Antes de conocer la Ciencia Cristiana, busqué incesantemente la comprensión espiritual. Investigué muchas religiones, tratando de encontrar paz, pero no pude hallarla. En aquel entonces, tenía mucho miedo. Sentía lástima por el sufrimiento y la tristeza que veía en las personas y los animales. Las malas noticias me hacían llorar. Quería cambiar esa historia. Quería que Dios me mostrara un camino en el que pudiera ayudar a aliviar el sufrimiento; no solo, por ejemplo, ayudar económicamente o donar alimentos u otras necesidades, sino con algo más profundo que trajera curación al mundo.
Mi hija asistía a una escuela ubicada justo frente a una Iglesia de Cristo, Científico. Solía llegar temprano a recogerla y, mientras esperaba, me detenía frente a la ventana de la Sala de Lectura de la iglesia y leía artículos y testimonios en O Arauto da Ciência Cristã (una revista mensual en portugués). Sentía que lo que leía era lo que siempre había estado buscando, y quería ser parte de esta religión. Pero necesitaba vencer la timidez y entrar.
Hablé con una de mis hermanas sobre esto, y ella vio que era muy importante para mí y me animó a entrar en la iglesia. Fui recibida con cariño por un asistente de la Sala de Lectura, quien me mostró el libro Ciencia y Salud con la Llave de las Escrituras, de Mary Baker Eddy, que tomé prestado y comencé a leer. En el auditorio de la iglesia me llamó la atención una frase en la pared: “Conoceréis la verdad, y la verdad os hará libres” (Juan 8:32). Sentí que esta era una respuesta de Dios.
Comencé a asistir a los servicios y a estudiar las lecciones bíblicas semanales del Cuaderno Trimestral de la Ciencia Cristiana. A medida que aprendía a orar de acuerdo con las enseñanzas de la Ciencia Cristiana, descubría que esta forma de oración requería que vigilara mis pensamientos. Tuve que dejar de aceptar como real lo que veía solo a través de los sentidos físicos, que nos muestran un sentido limitado de las cosas. Empecé a verlas a través de la lente divina del Amor, Dios, que ama a toda la creación. Aprendí a amar a Dios y a mi prójimo como Jesús nos enseña en la Biblia. Eso había sido difícil para mí antes, porque lo único que veía era a una persona que necesitaba ayuda en lugar de al hombre creado por Dios, como se describe en el primer capítulo del Génesis.

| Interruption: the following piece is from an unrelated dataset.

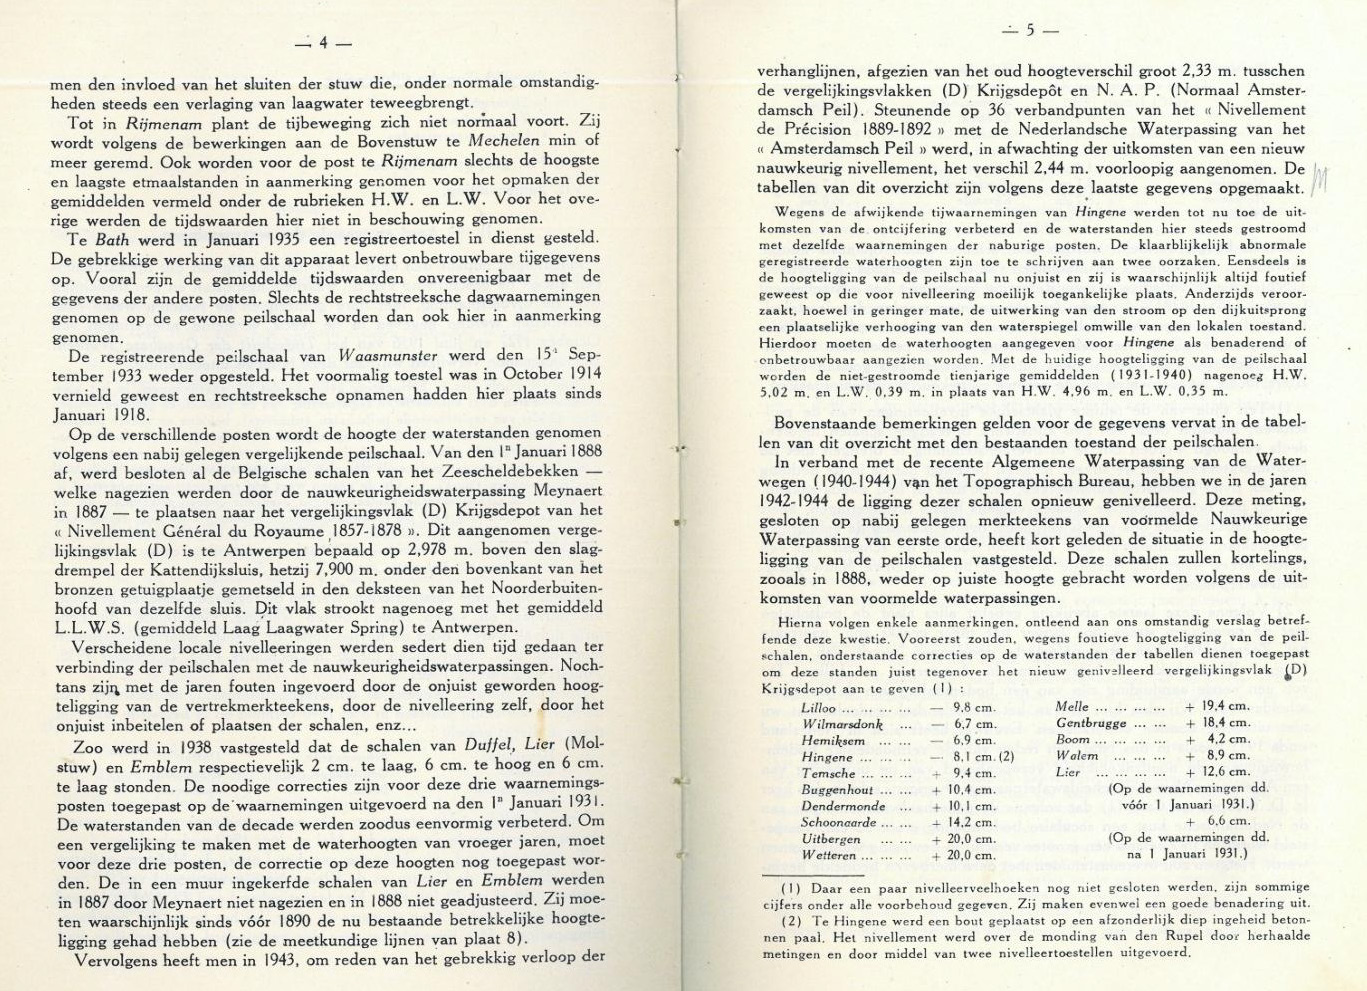 Figuur 1 - Uitsnede uit het tienjarig overzicht van 1931-1940 (Vekemans, 1946).

Después de comprender mejor la Ciencia Cristiana, me di cuenta de que necesitaba reemplazar los conceptos erróneos sobre la vida con los conceptos cristianamente científicos explicados en la Biblia y en los escritos de la Sra. Eddy. Ahora, al aceptar y reconocer el amor infinito de Dios por Sus hijos, puedo rechazar y negar el error de la falta de armonía. Y hacer esto sana la desarmonía. Este resultado no depende de la voluntad personal, sino de la aceptación de la omnipresencia de Dios, el bien, la Vida. Proviene del conocimiento del Principio divino de todo lo que realmente existe: Dios, quien ya ha hecho todo perfecto, espiritual y eterno, y ama, cuida y protege a toda Su creación.

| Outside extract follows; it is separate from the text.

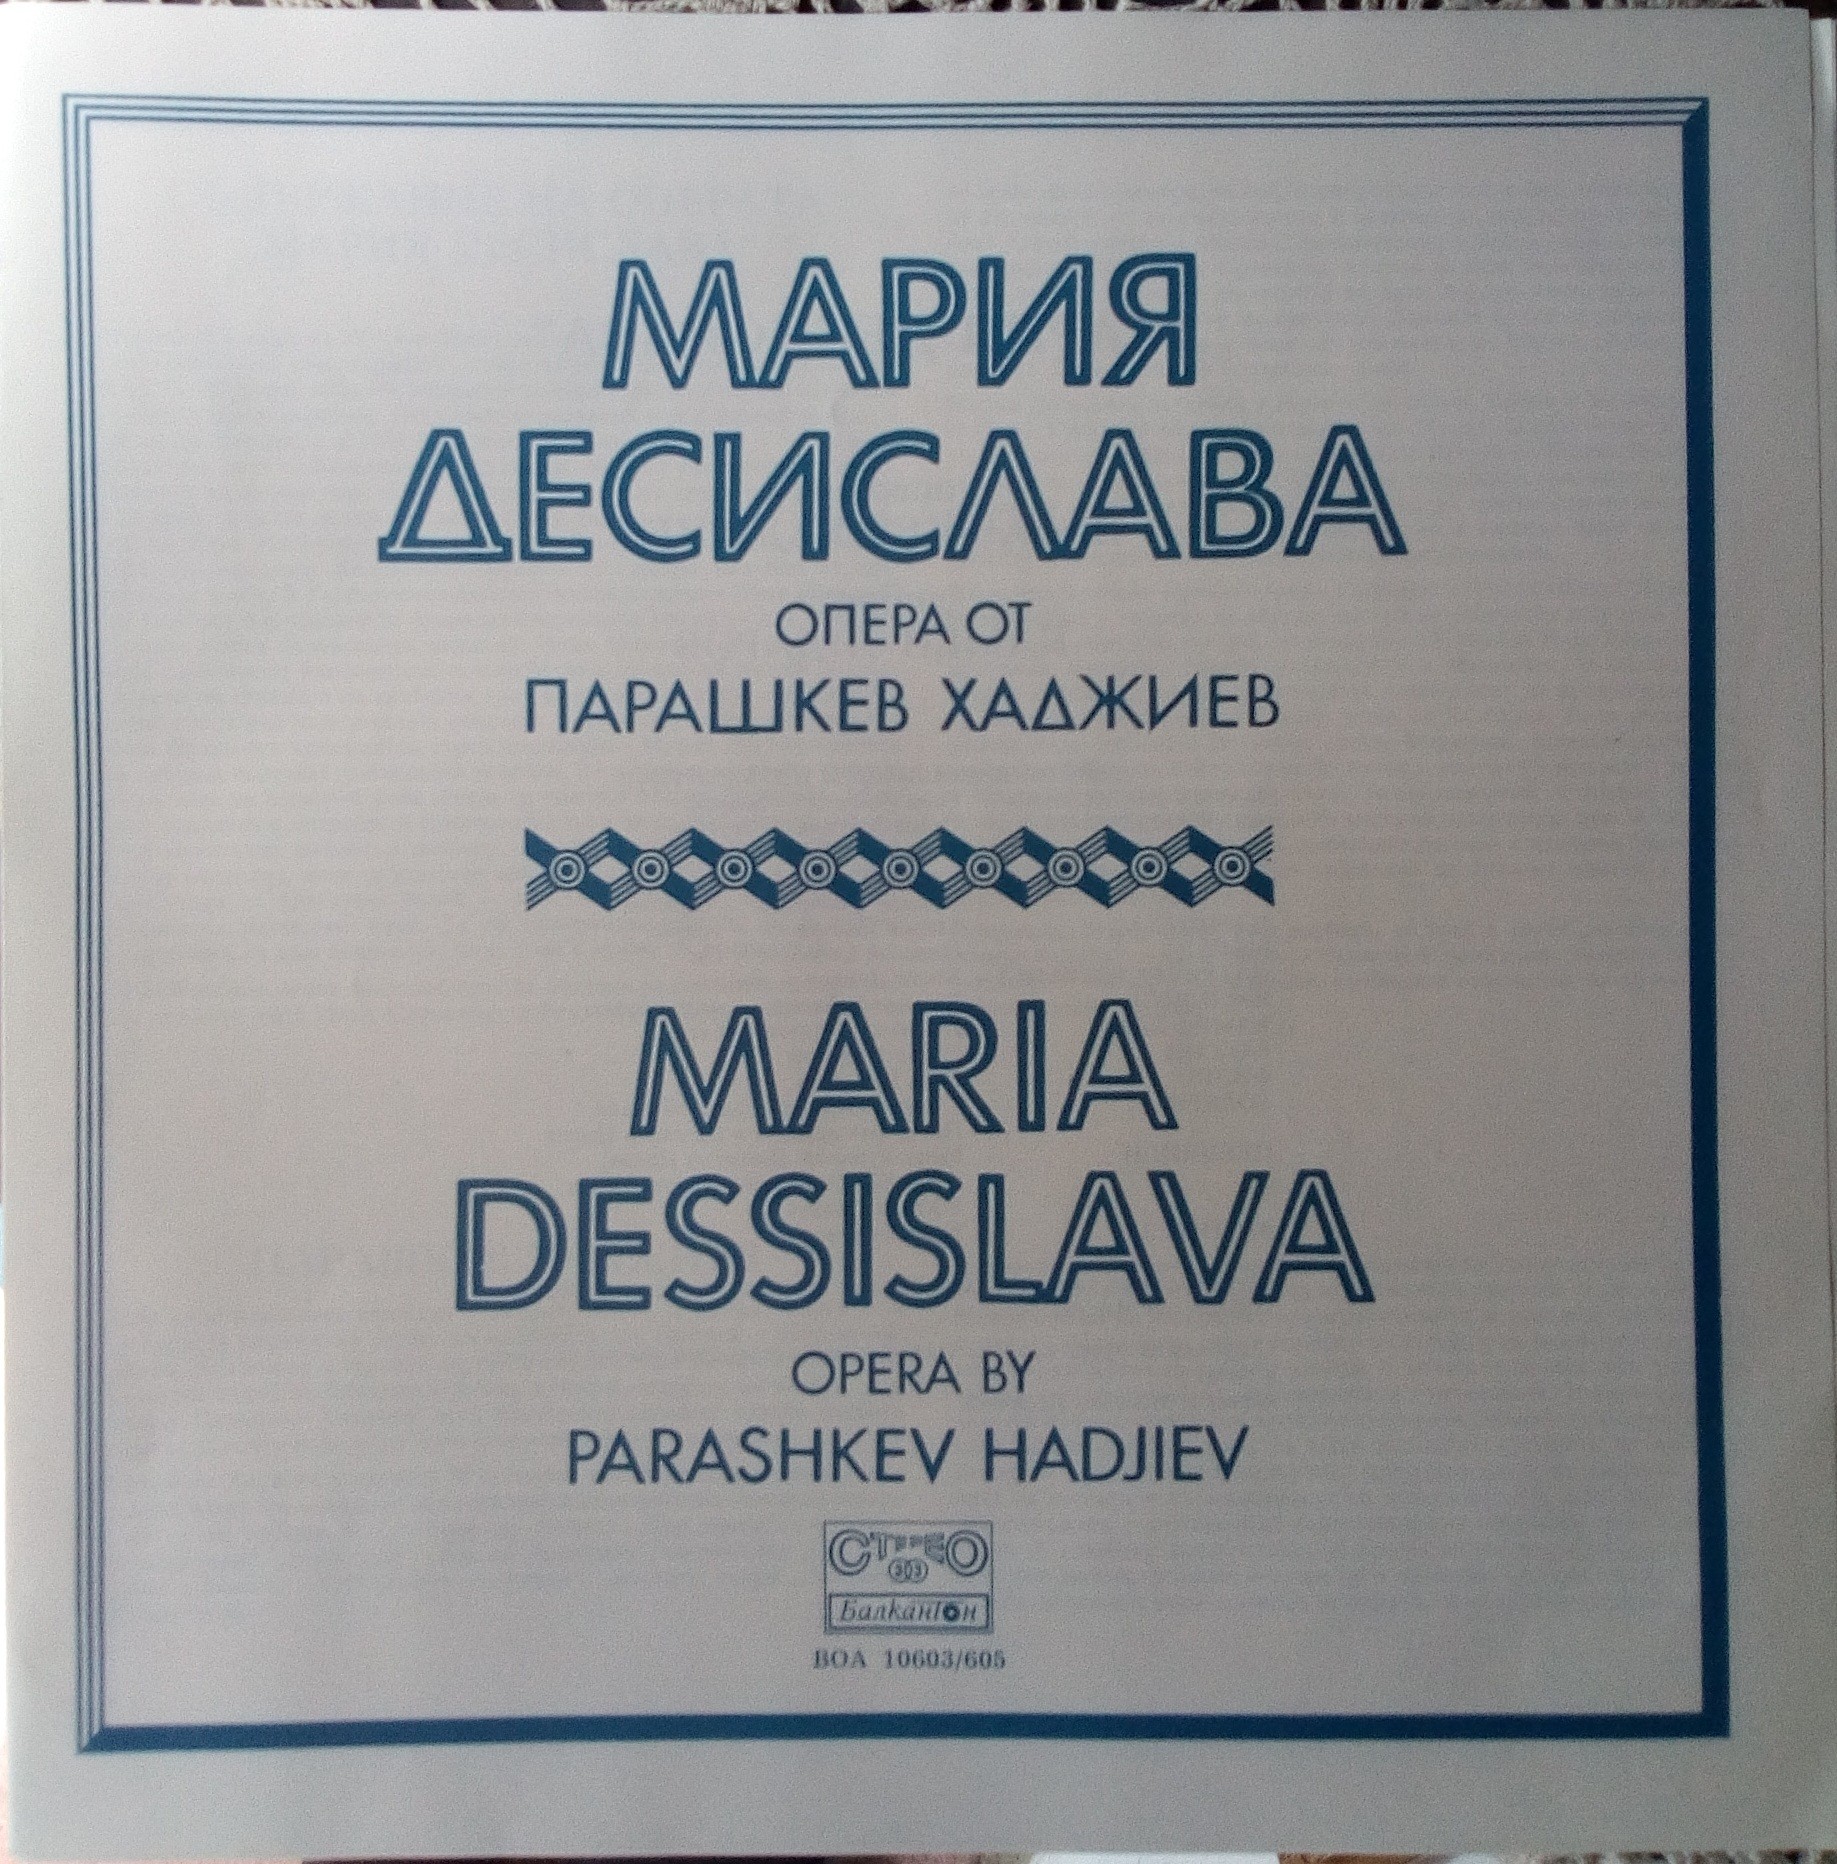 Парашкев Хаджиев. "Мария Десислава", опера

En una ocasión, volvía a casa del trabajo a altas horas de la noche y dos jóvenes subieron al autobús. Uno de ellos parecía haber consumido drogas. El otro tenía un gran revólver plateado, y anunciaron que se trataba de un robo.
Había estado estudiando la Lección Bíblica sobre el tema “El hombre”. Continué leyendo la Lección y me detuve en un pasaje que decía: “Jesús veía en la Ciencia al hombre perfecto, que aparecía a él donde el hombre mortal y pecador aparece a los mortales. En este hombre perfecto el Salvador veía la semejanza misma de Dios, y esta manera correcta de ver al hombre sanaba a los enfermos. Así Jesús enseñó que el reino de Dios está intacto, es universal, y que el hombre es puro y santo” (Ciencia y Salud, págs. 476-477).
Allí mismo, en el autobús, oré con estas ideas y sentí por esos muchachos un amor que no era humano, sino que tenía la autoridad de Dios. Me quedé muy tranquila. Cuando el joven de la pistola le pidió algo a la chica que estaba a mi lado, me rozó el hombro con su revólver y dijo: “Lo siento, señorita, fue un accidente”. Respondí con una sonrisa. Después de eso, nos dejaron a todos solos y se bajaron del autobús sin aspavientos ni pánico, sin tomar nada más.
Estaba muy agradecida de ver que siempre puedo amar a mi prójimo de una manera espiritual, porque el camino espiritual es el camino verdadero. Entonces comenzamos a ver quiénes somos realmente: hijos amados, uno con Dios.